The bill's annotation forecasts fiscal impact on the state budget: €102.8 million in 2027, €106.7 million in 2028, €110.7 million in 2029, and €114.8 million in 2030. These funds are needed for readiness financing, salaries for unique specialists, research, and infrastructure maintenance.

However, the FM notes that the current fiscal space is limited. In 2027, the available fiscal space is €80.3 million, while in subsequent years it is negative: -€153.3 million in 2028, -€191.1 million in 2029, and -€883.5 million in 2030. This means additional funding is not available without compensatory measures. Given the geopolitical situation, an improvement in fiscal space is not expected soon.

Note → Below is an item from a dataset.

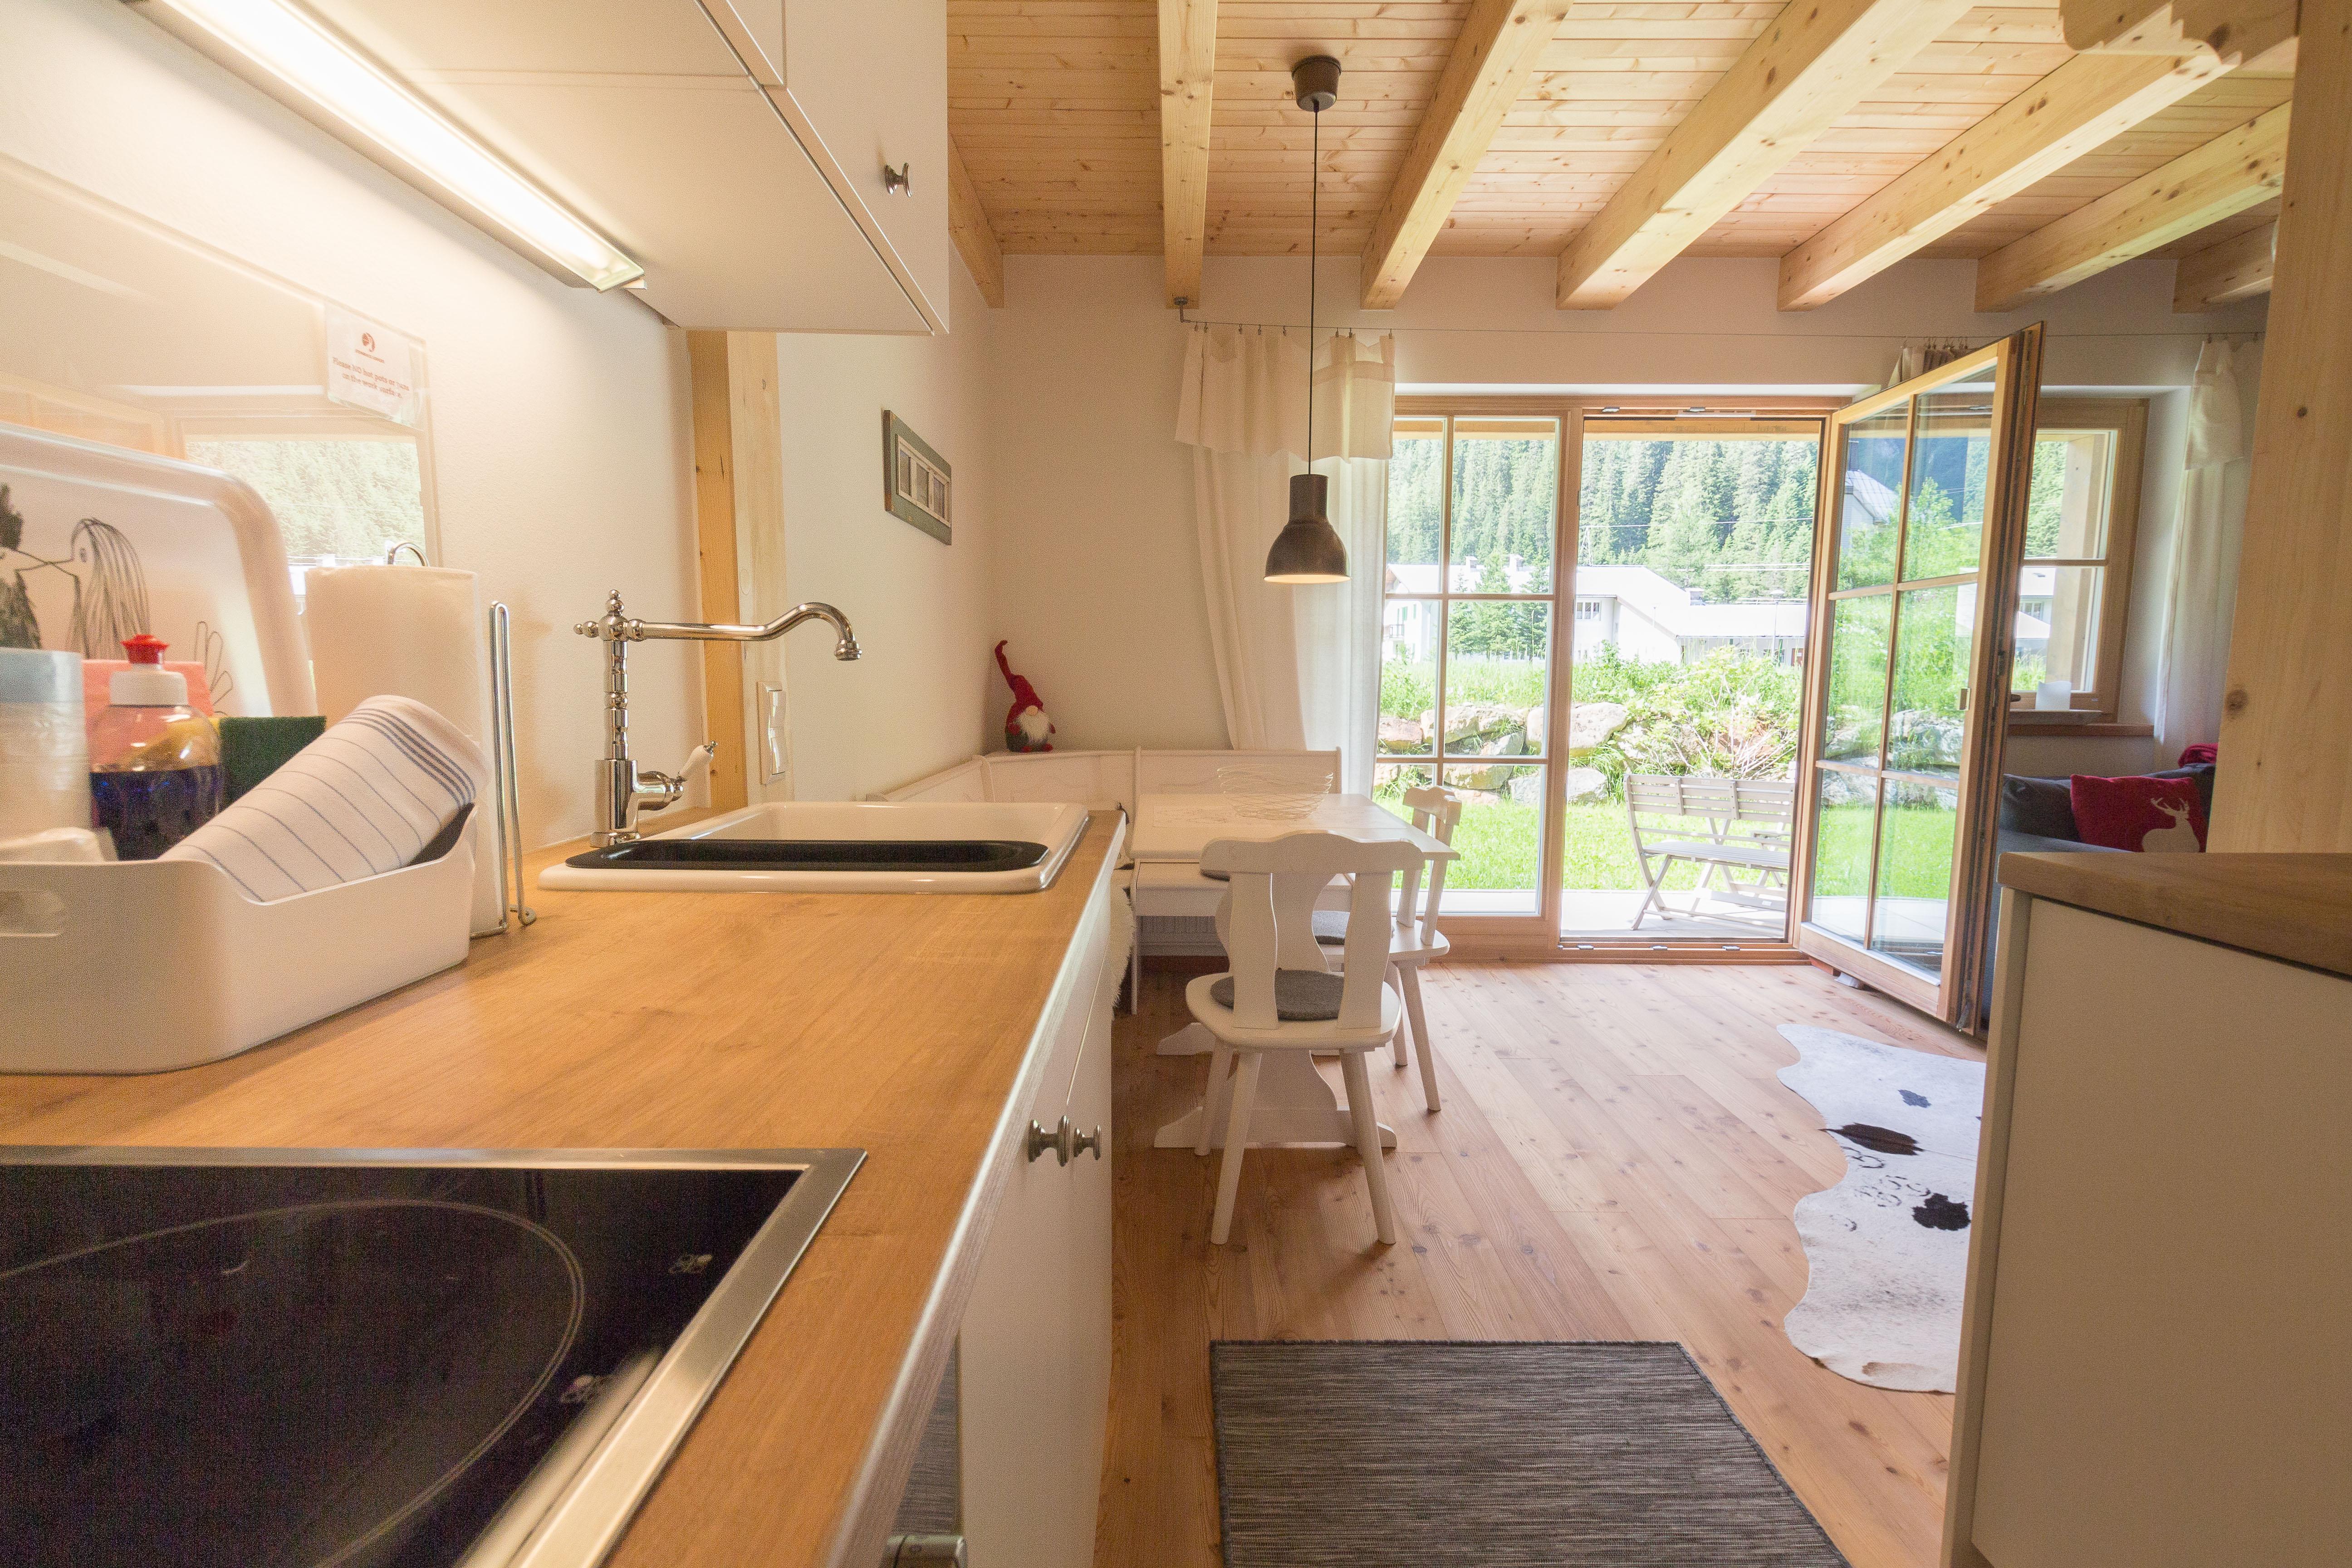 Maison de vacances Lodge Enzian direkt am Skilift (2050396), Uttendorf, Pinzgau, Salzbourg, Autriche, image 10
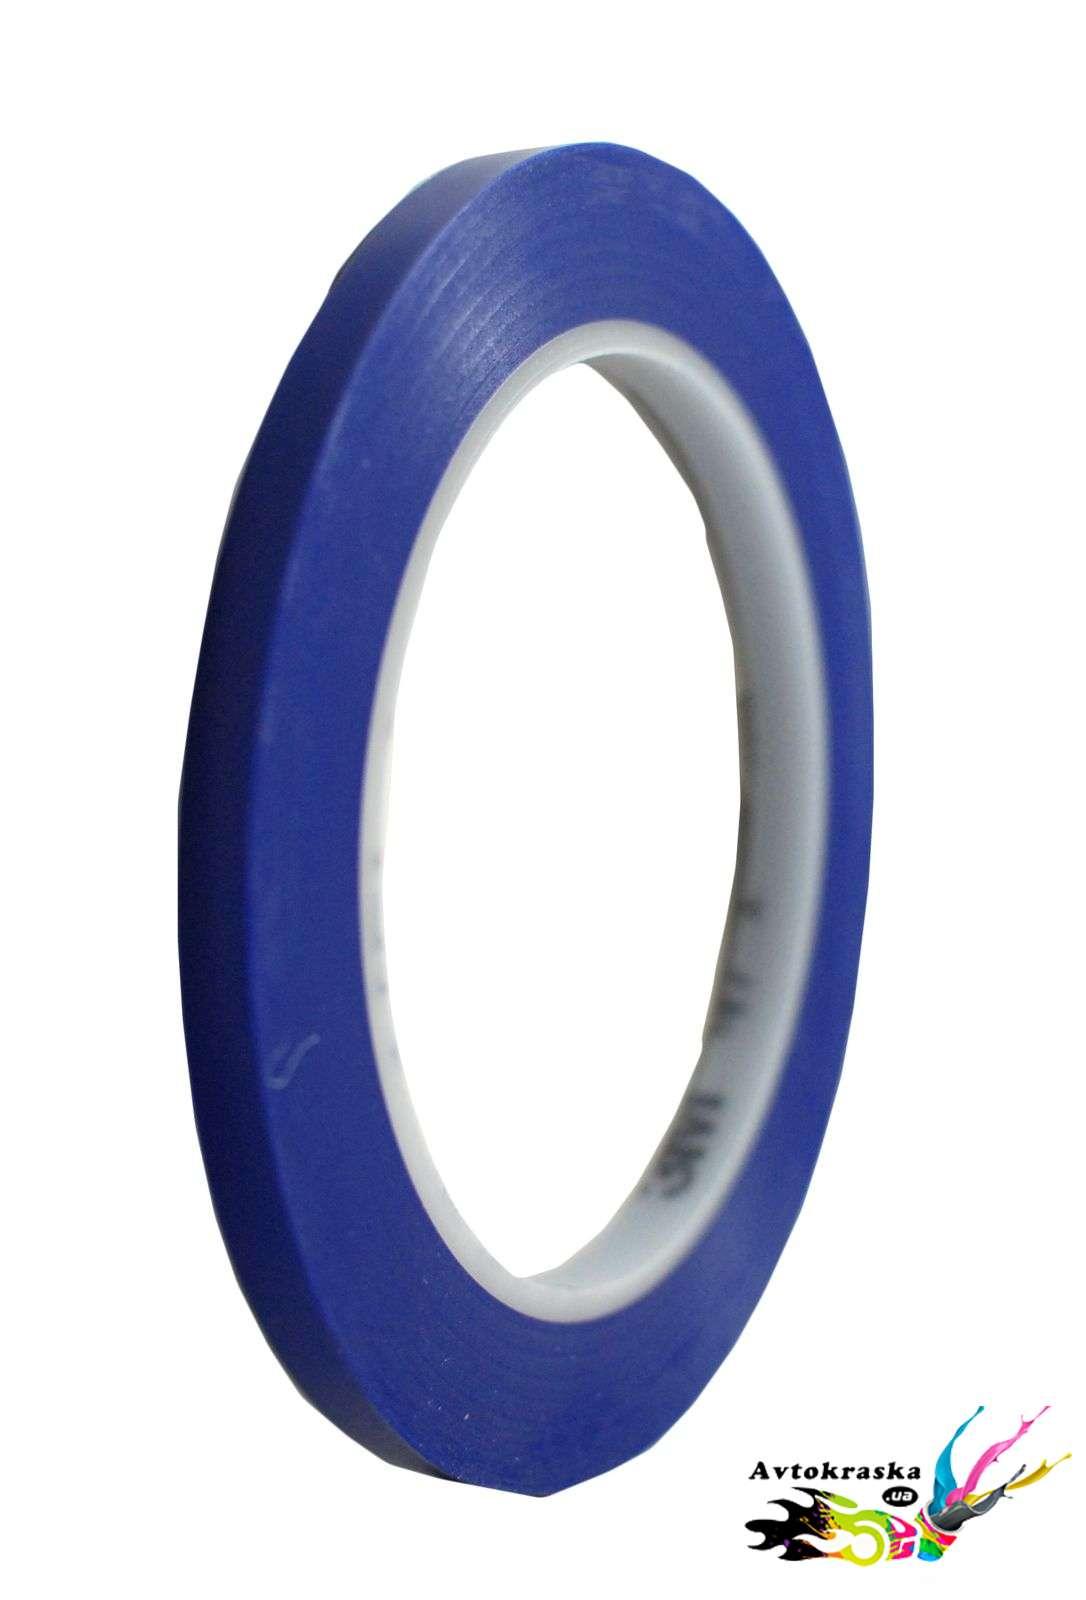 3M 06405 Маскирующая контурная лента синяя 6мм

The FM also reminds that several healthcare policy planning documents have already been approved, requiring significant additional funding. Additionally, the State Audit Office's review revealed inefficiencies in inpatient healthcare and suboptimal resource use. Therefore, funding for the bill's provisions must be provided within the budgets of the relevant ministries, through expenditure reviews and compensatory measures that do not negatively affect the general government budget balance.

The Saeima supported the bill in the second reading in June, which provides a new legal status and governance model for the largest university hospitals, granting them greater autonomy while maintaining state oversight. A new funding approach is also planned, including readiness financing for operations during emergencies.